- [INPUT DATA]
- Opening Delimiter -
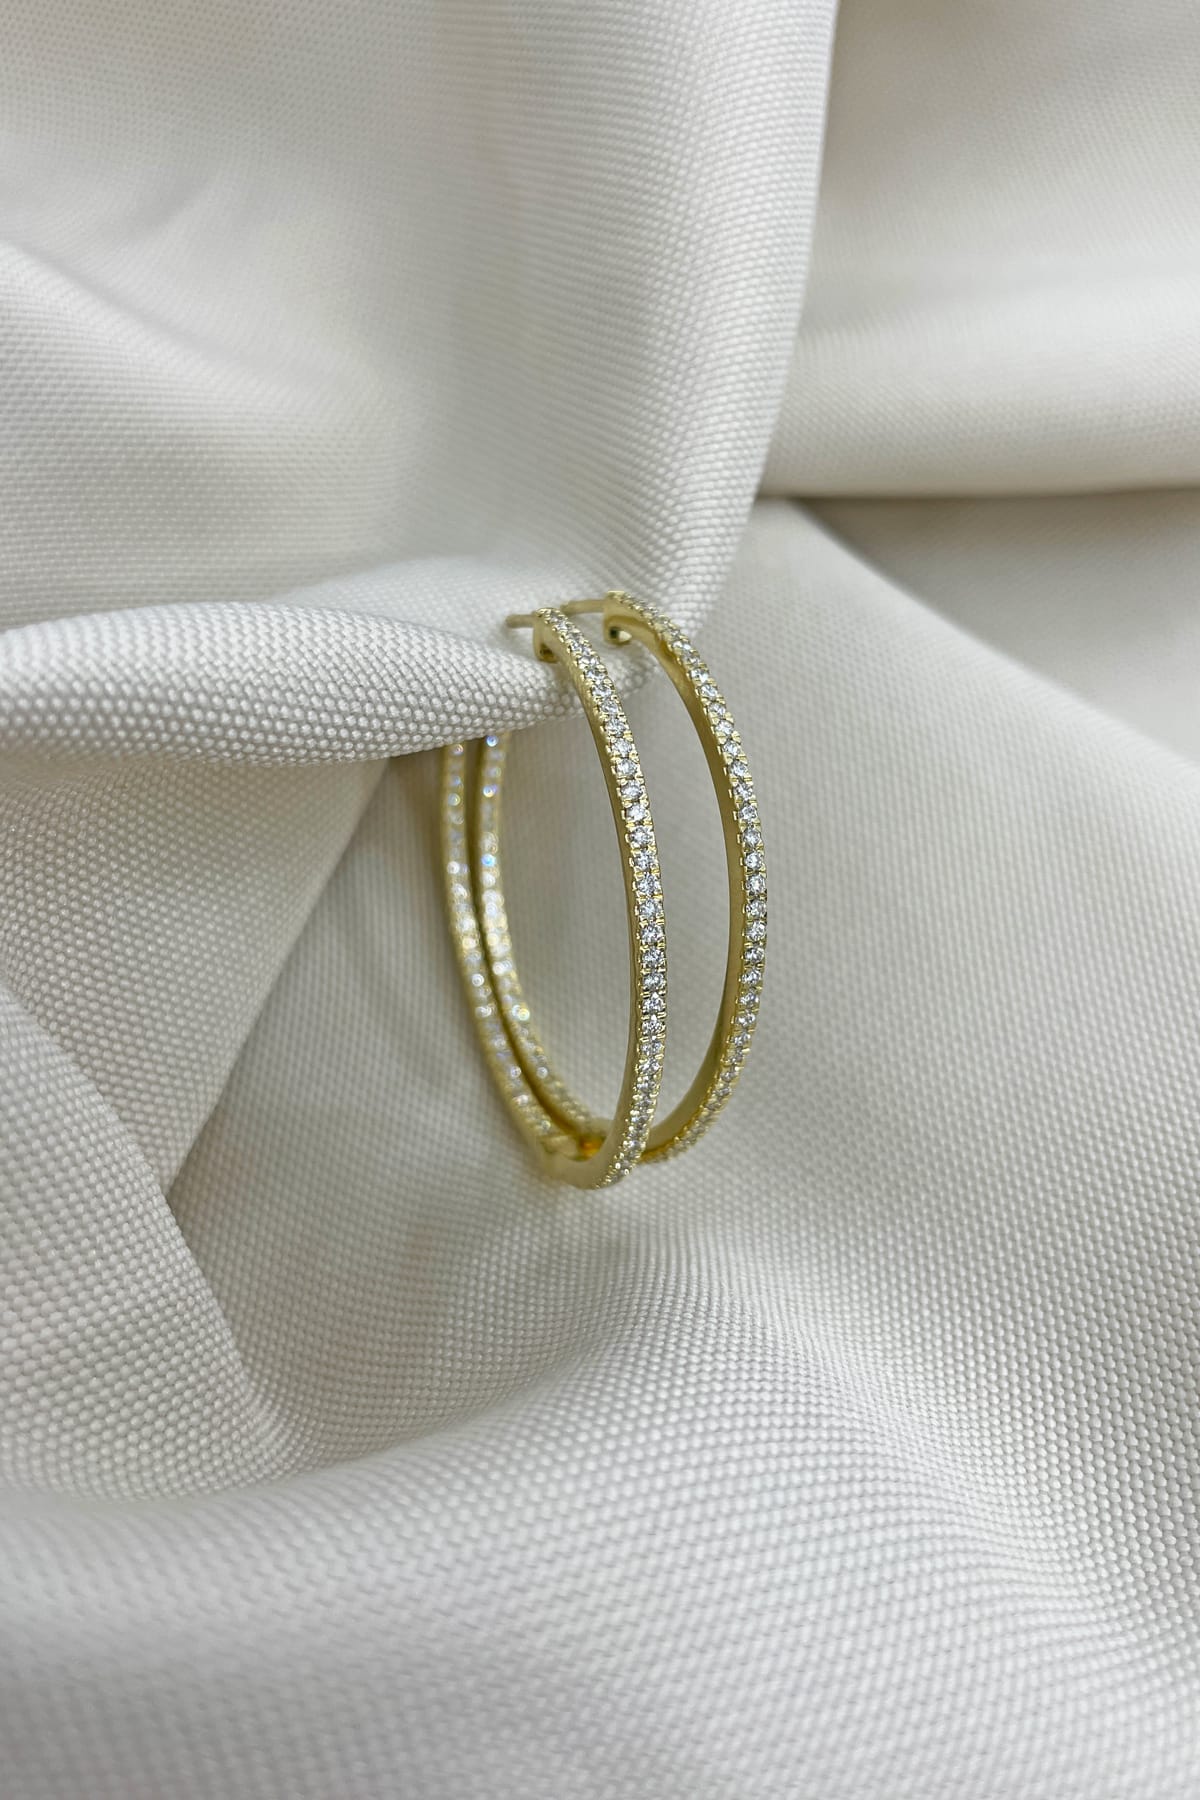 1.25ct Diamond Set Hoop Earrings set in 9ct Yellow Gold available at LeGassick Diamonds and Jewellery Gold Coast, Australia.
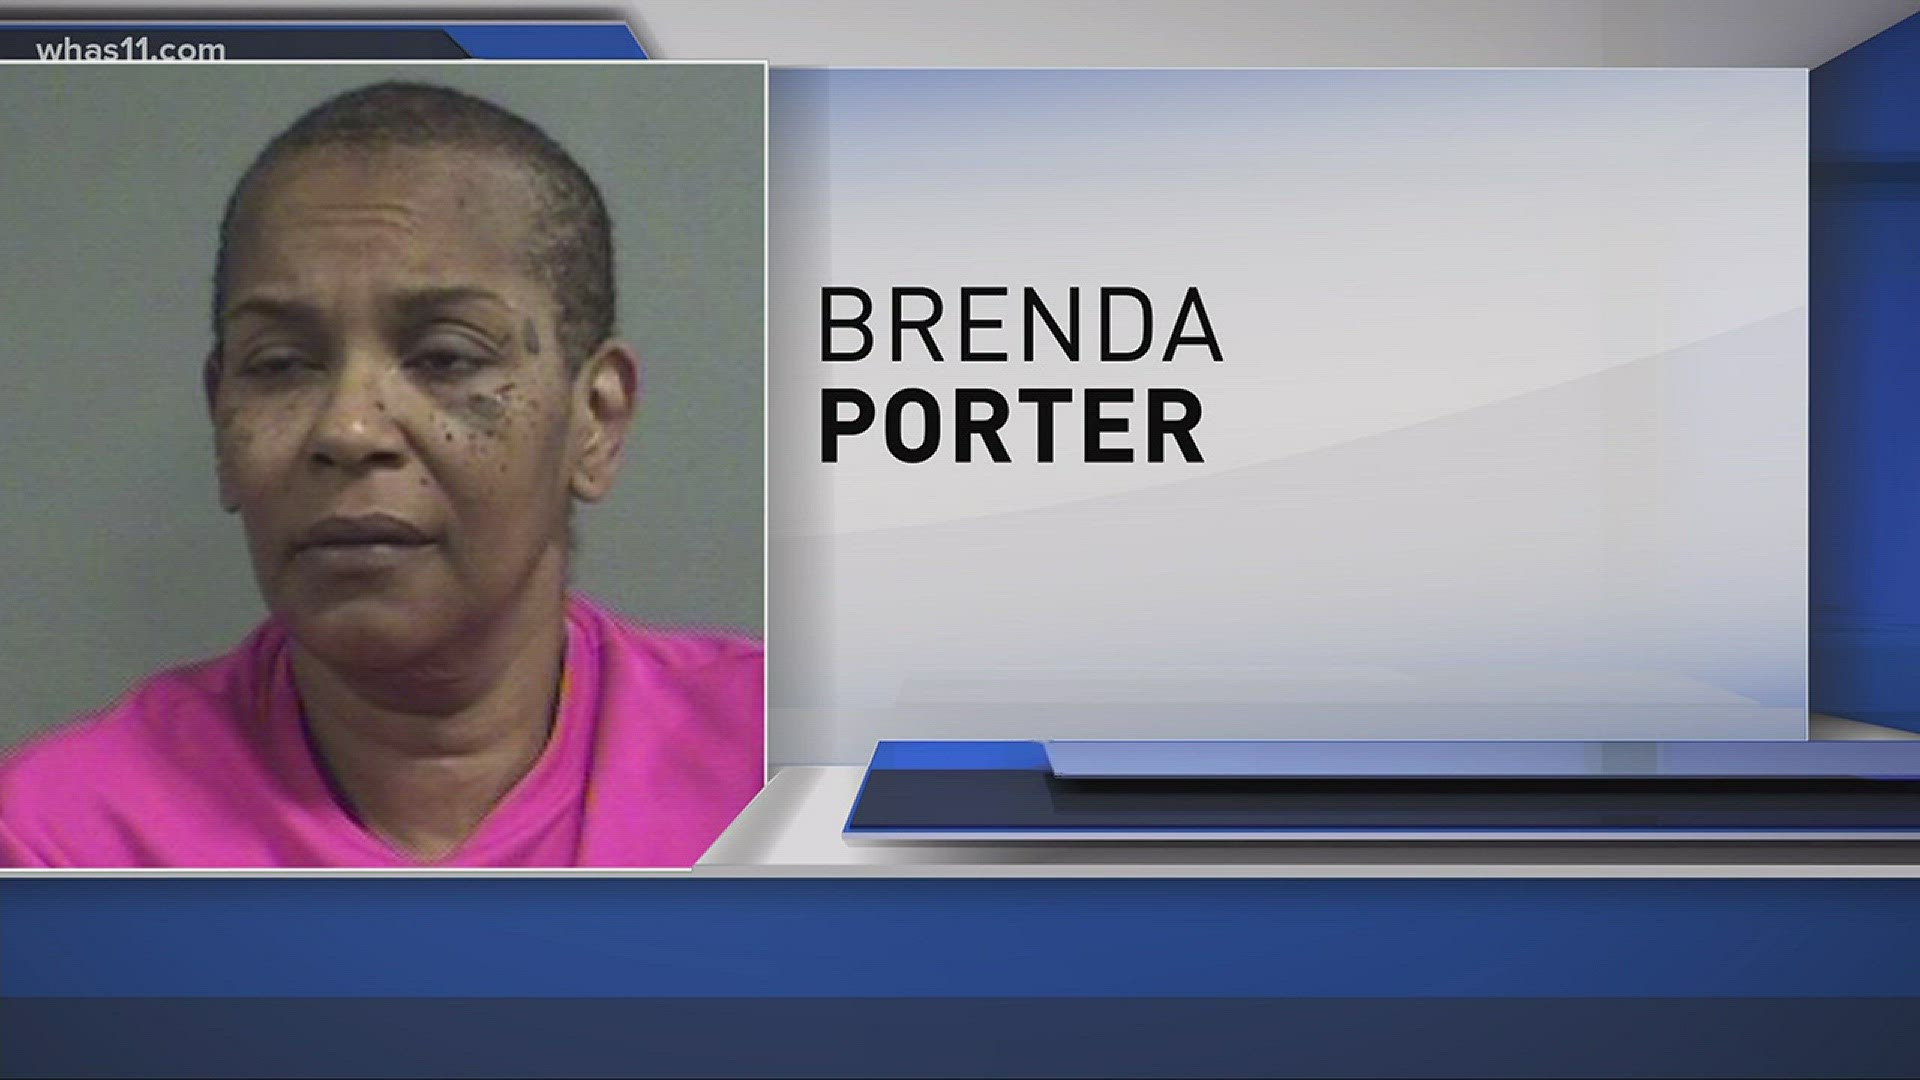 Brenda Porter, 57, was arrested and charged with domestic violence murder, tampering with physical evidence and abuse of a corpse.
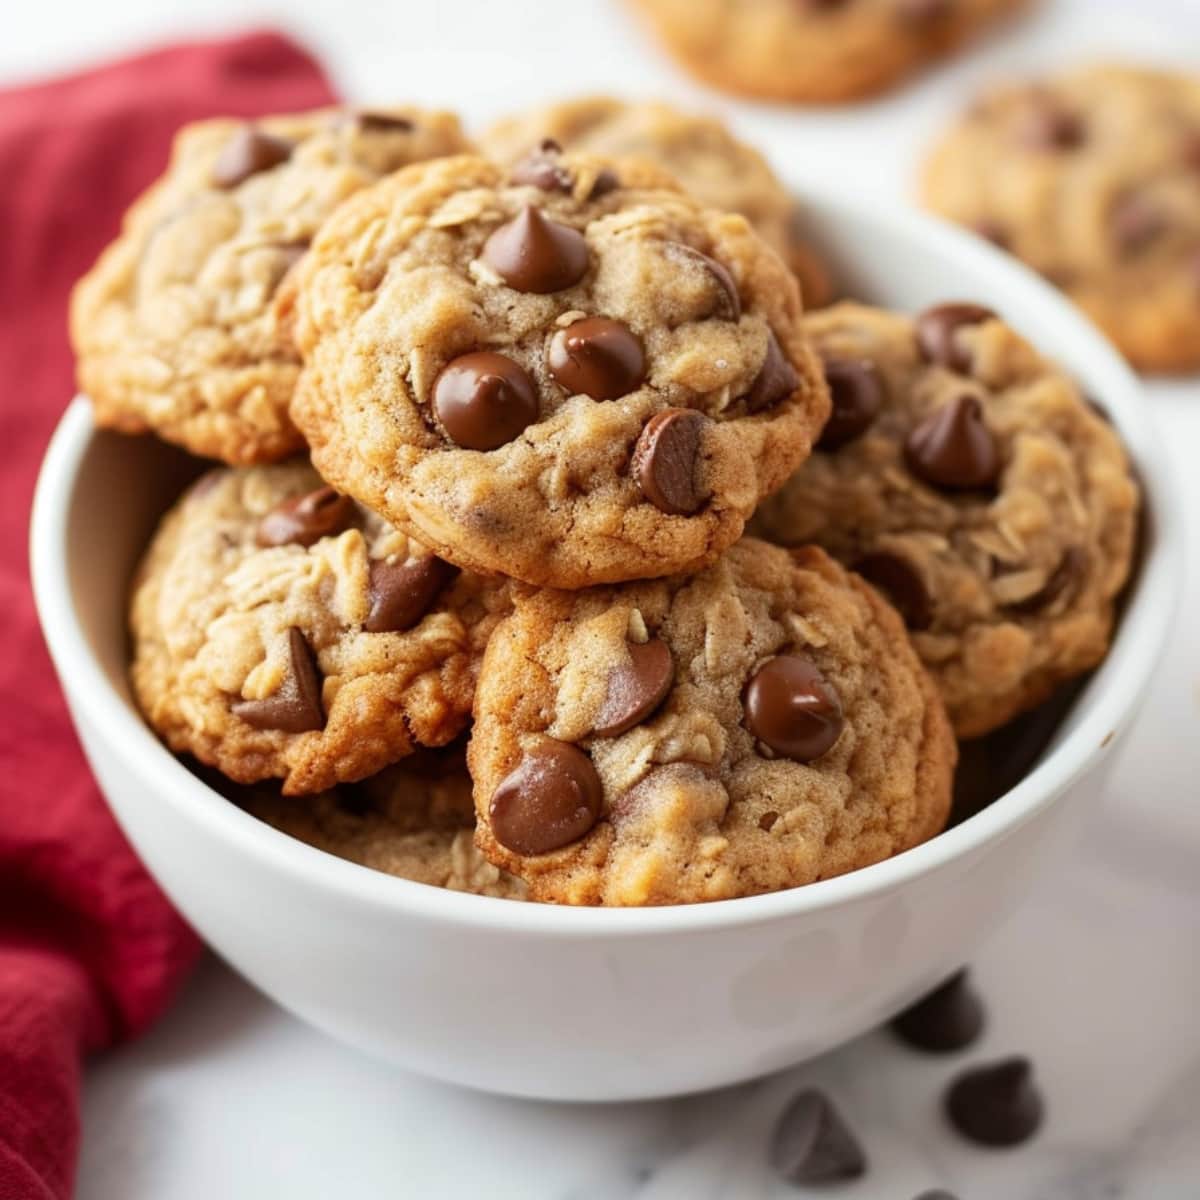 A delectable assortment of chocolate chip cookies arranged in a bowl, tempting with their golden-brown texture and mouthwatering aroma
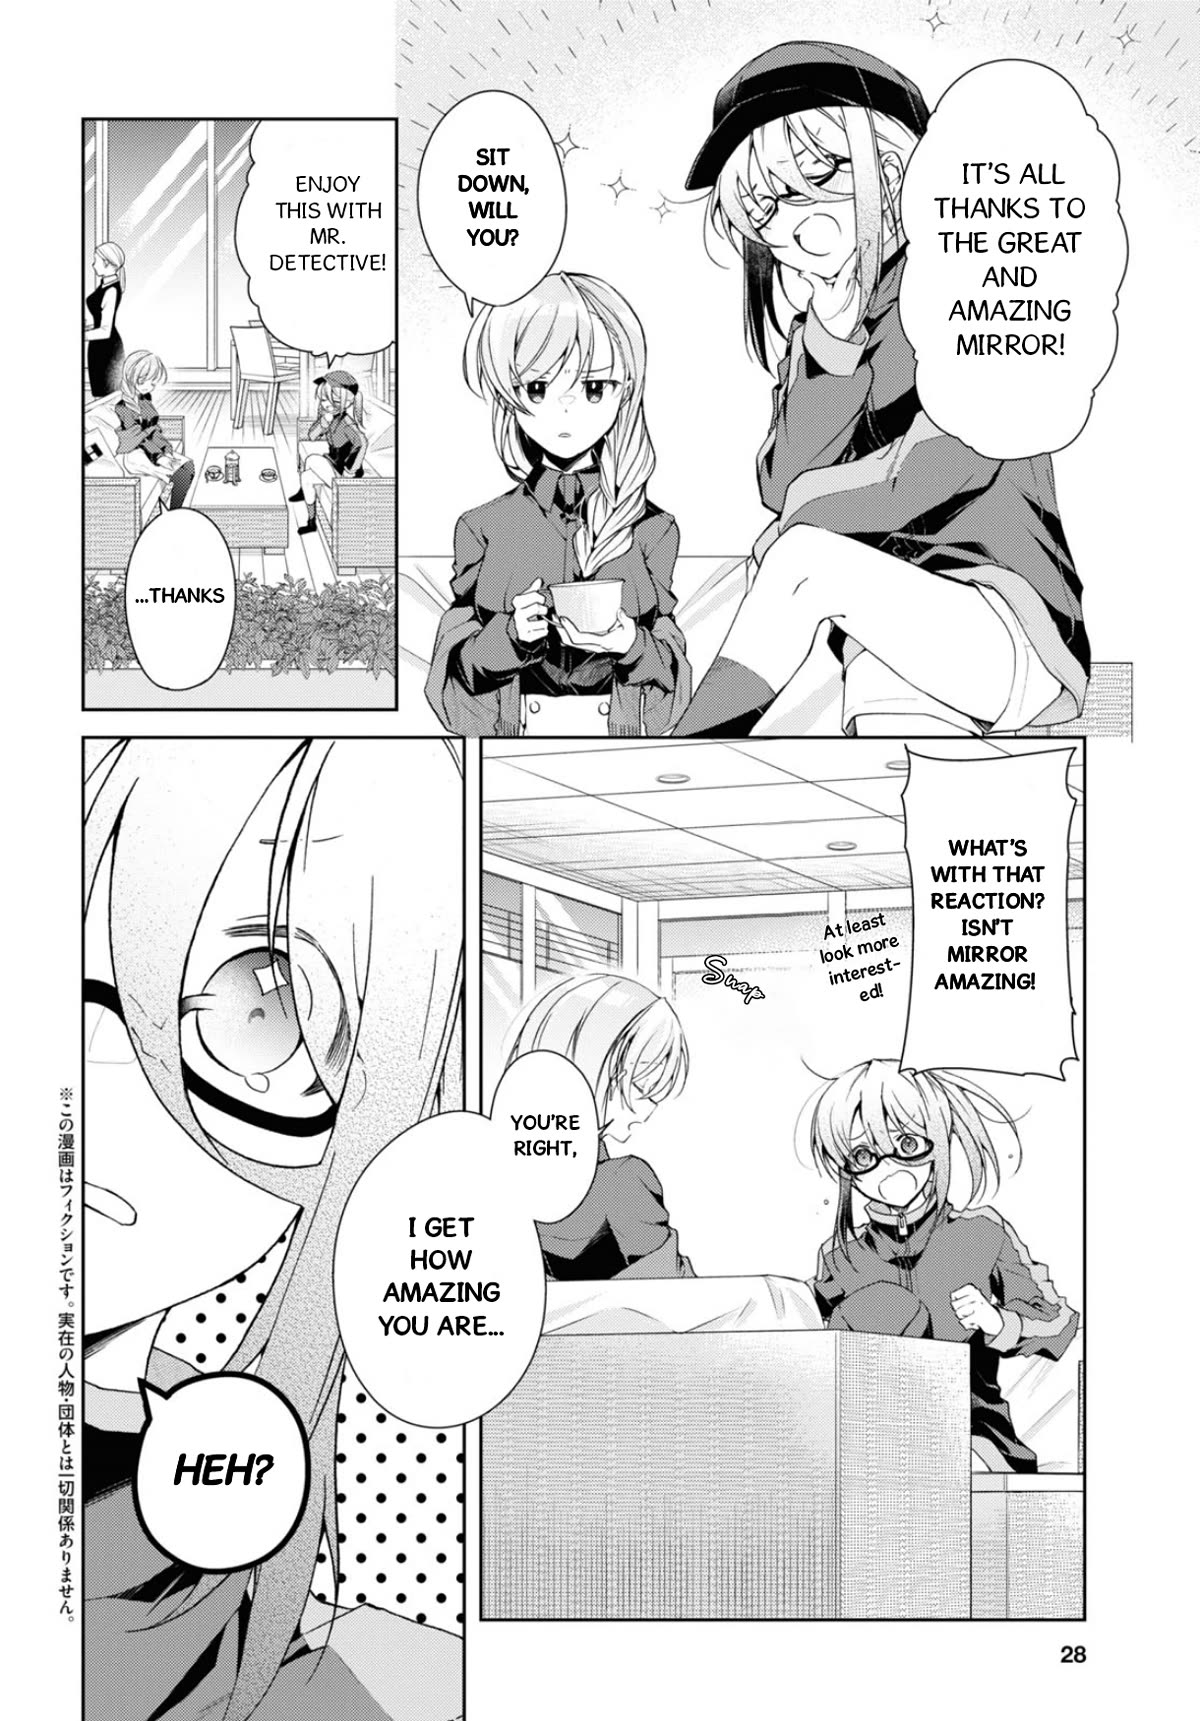 Isshiki-san Wants to Know About Love. - chapter 35 - #5
- Closing Delimiter -
- [WHAT YOU SHOULD DO]
Leave the pictures out and copy exactly the lines from the one that holds "A delectable assortment" through the last line of the material.

- [SOLUTION TO THIS EXERCISE]
 A delectable assortment of chocolate chip cookies arranged in a bowl, tempting with their golden-brown texture and mouthwatering aroma
 Isshiki-san Wants to Know About Love. - chapter 35 - #5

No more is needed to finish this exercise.